Five Questions with Casey: Rob Geen and the Importance of Family

Posted May 19, 2015, By the Annie E. Casey Foundation

Blog fivequestionswithrobgeen 2015

As director of policy reform and advocacy, Rob Geen is responsible for designing and implementing the Casey Foundation’s advocacy strategy on child welfare, juvenile justice and evidence-based practice. He joined Casey in 2008.

Recognized as one of the nation’s leading child welfare researchers, Geen previously spearheaded public policy and child welfare work at the Washington D.C.-based research center, Child Trends. His earlier career path includes stops at the U.S. House of Representatives Committee on Ways and Means, the Child Welfare Research Program at the Urban Institute and the U.S. Government Accountability Office. Geen, a University of Chicago alumnus, holds bachelor’s and master’s degrees in public policy.

In this "Five Questions" edition, Geen discusses findings from the KIDS COUNT Policy Report, Every Kid Needs a Family, released May 19, 2015.

Q1. Foster care has always been an important issue for Casey, and KIDS COUNT has released reports on this topic several times in recent years. Why is this still a critical topic for states?

These kids are caught up in a complex system that often doesn’t keep them in the family settings they need. States need to ensure that agencies that come into contact with children collaborate better to successfully serve them.

Q2. You have led research that highlights the importance of kin in foster care placements. Are systems starting to recognize the critical role that these family members play? 

While I definitely see attitudes changing on kinship care, the system was not designed with kin in mind. We have had to try to retrofit it so that people at every level — administrators, judges, lawyers, caseworkers and others — are asking how they can help a child move toward a family setting. What we have found is that when birth parents cannot care for a child, relatives can offer an existing relationship and connection to his identity and culture, making an eventual return home easier. As a result, we see rates of positive experiences are highest for children who live with kin and lowest for children who experience group placement.

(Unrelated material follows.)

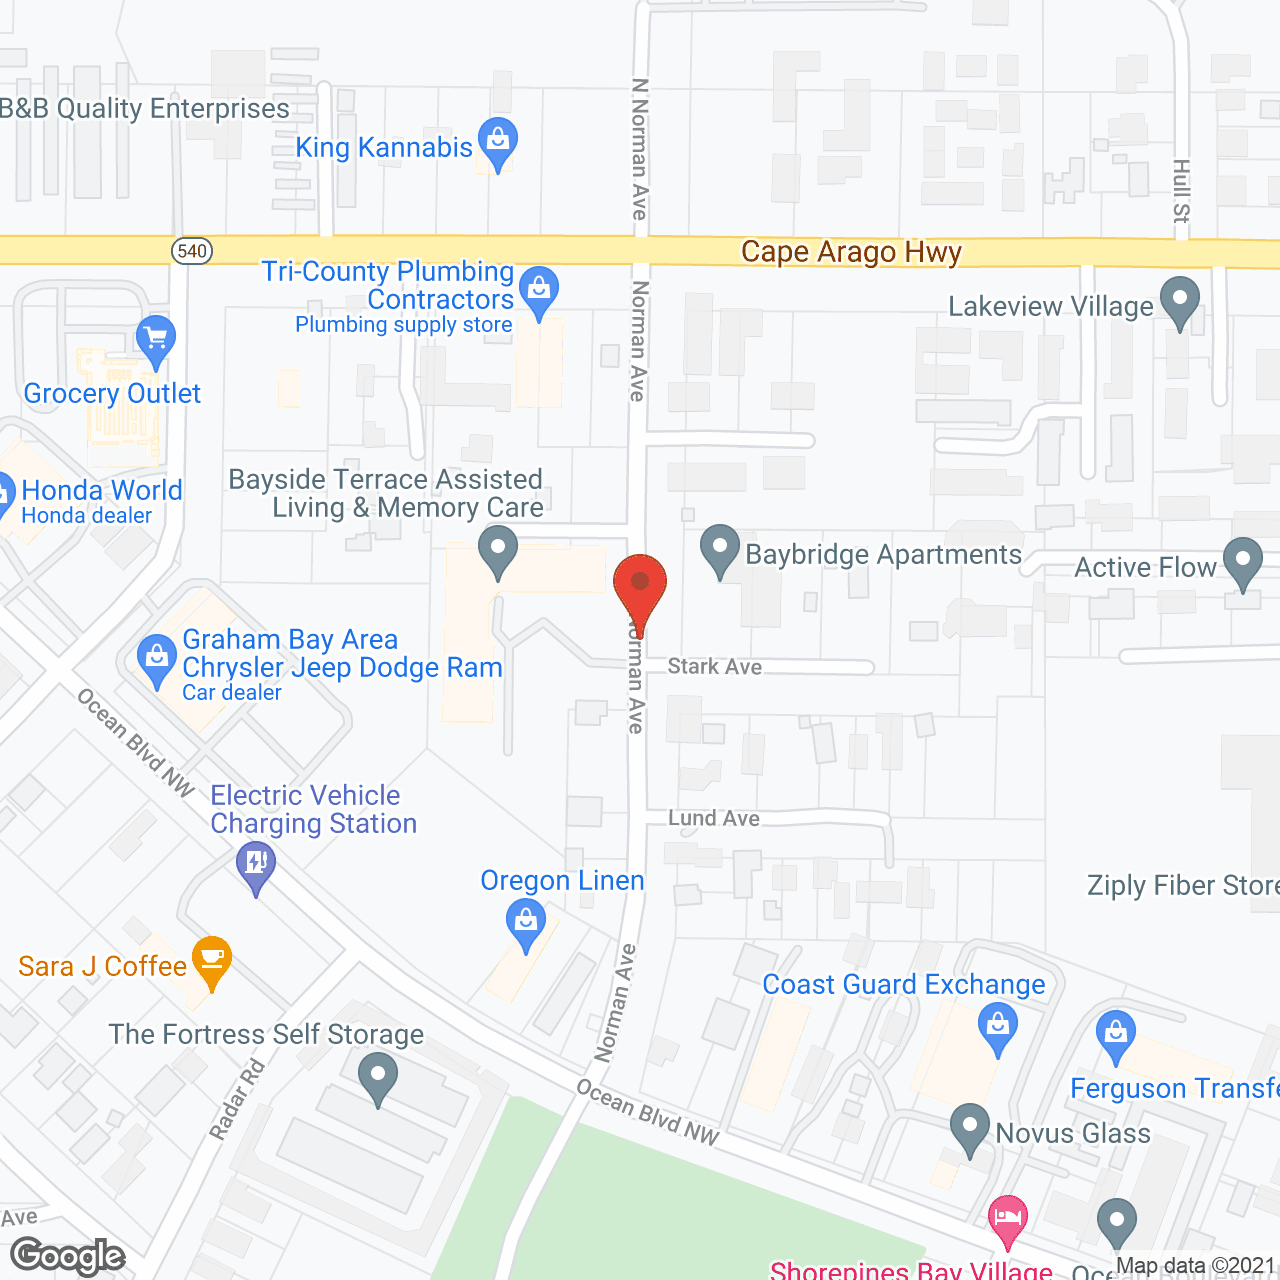 Bayside Terrace Assisted Living and Memory Care in google map

Q3. What is the single most important thing a caseworker for a public system can do to get a child into a family? 

The most important thing is to avoid severing the relationship in the first place. Even when a child cannot remain with family, kin should always remain involved. If caseworkers and system officials took the “What would I do if it were my child?” test, they would automatically understand the importance of these family ties.

Q4. Casey is supporting a unique collaboration among organizations that represent the views of kinship, foster and adoptive families. What does the Foundation feel that this group can add to conversations about foster care reform?

In the last decade, we have seen growing momentum at the system, policy and program level in serving youth aging out of foster care. This relates directly to lessons learned from the Jim Casey Youth Opportunities Initiative, which engages these youth in advocacy and leadership roles to promote policy reforms.

We need to have a similar mechanism for foster parents and birth parents. There is a belief that we have too few people who want to step up and be foster parents. Yet, recruitment can be very successful when caregivers know that they will have access to vital training, services and encouragement. We need their voices, input and advocacy in designing strategies to meet their needs.

Q5. KIDS COUNT reports have historically aligned with emerging conversations in the field and provided key data on topics that are important to kids and families. What is your hope for this report?

This report should be a wake-up call for how we care for our most vulnerable youth. We should not have to wait until something tragic happens to a child in foster care, and enormous media attention requires action at the governor’s level. This report demonstrates a clear need for policies that support the fact that children do best in family settings. We want to spark more movement toward preventing placements, diverting placements rooted in behavioral issues, supporting kinship care and improving short-term residential treatment when it is necessary.  We have to be up front that we can do so much more to ensure more children in the care of the child welfare system are growing up in families. We have examples of exceptional leadership and innovation in both the public and private sectors — proving every day that it is possible to place more children with families. If all communities follow the lead of our best, many children’s lives will improve today and for their future. Every kid needs a family, every kid deserves to have a family.